Problem to work on: Give again, exactly as written, each line of the material below starting at the line that contains "HUBBELL-LIGHTING-cmyk-80.jpg" and ending at the line that contains "Dětské dívčí přehledné". Both ends count, and no other line does.

Data provided:

+ + + + +

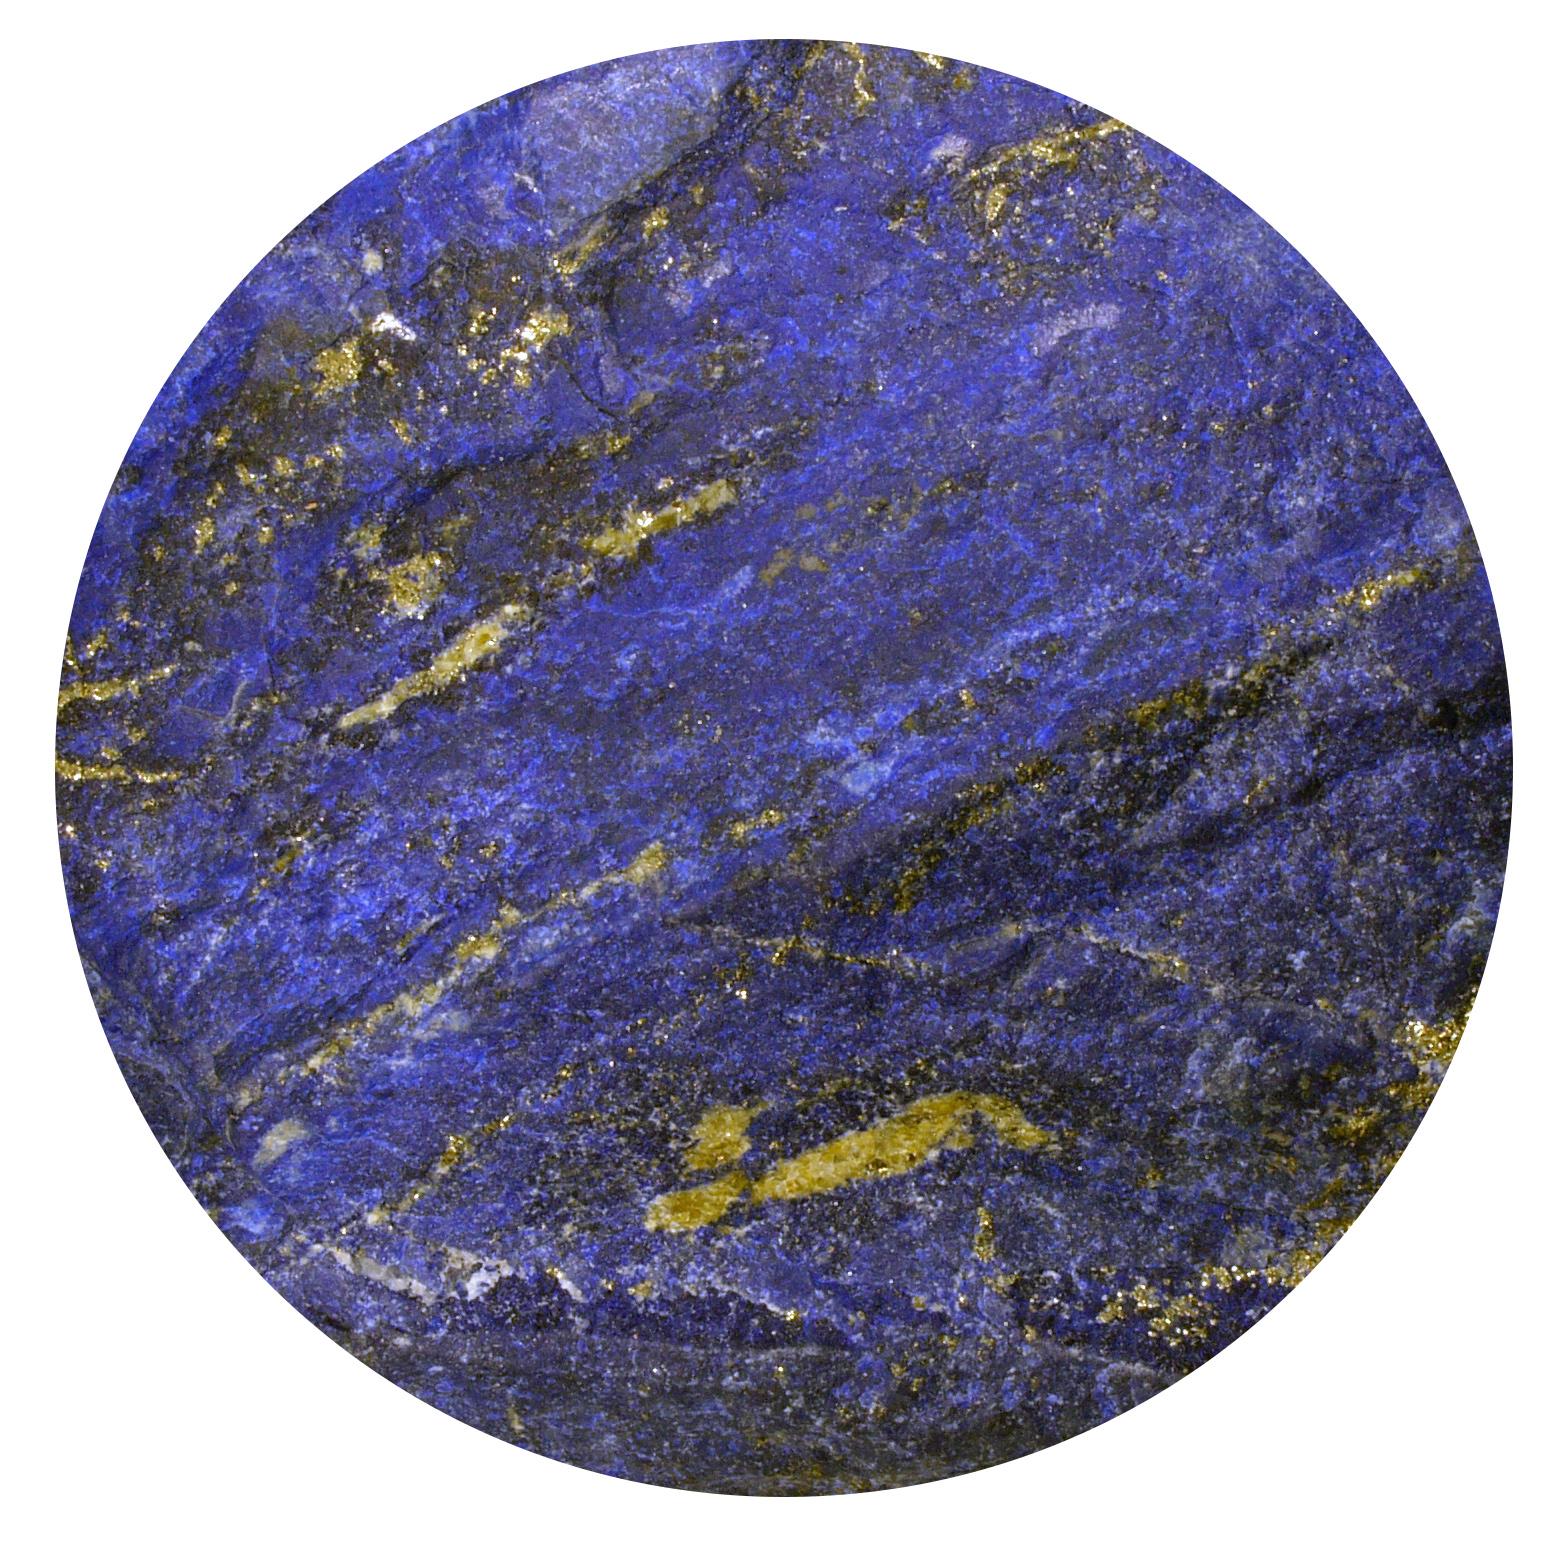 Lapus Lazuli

+ + + + +

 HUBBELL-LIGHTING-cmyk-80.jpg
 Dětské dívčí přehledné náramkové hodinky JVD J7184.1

+ + + + +

Response below:
 HUBBELL-LIGHTING-cmyk-80.jpg
 Dětské dívčí přehledné náramkové hodinky JVD J7184.1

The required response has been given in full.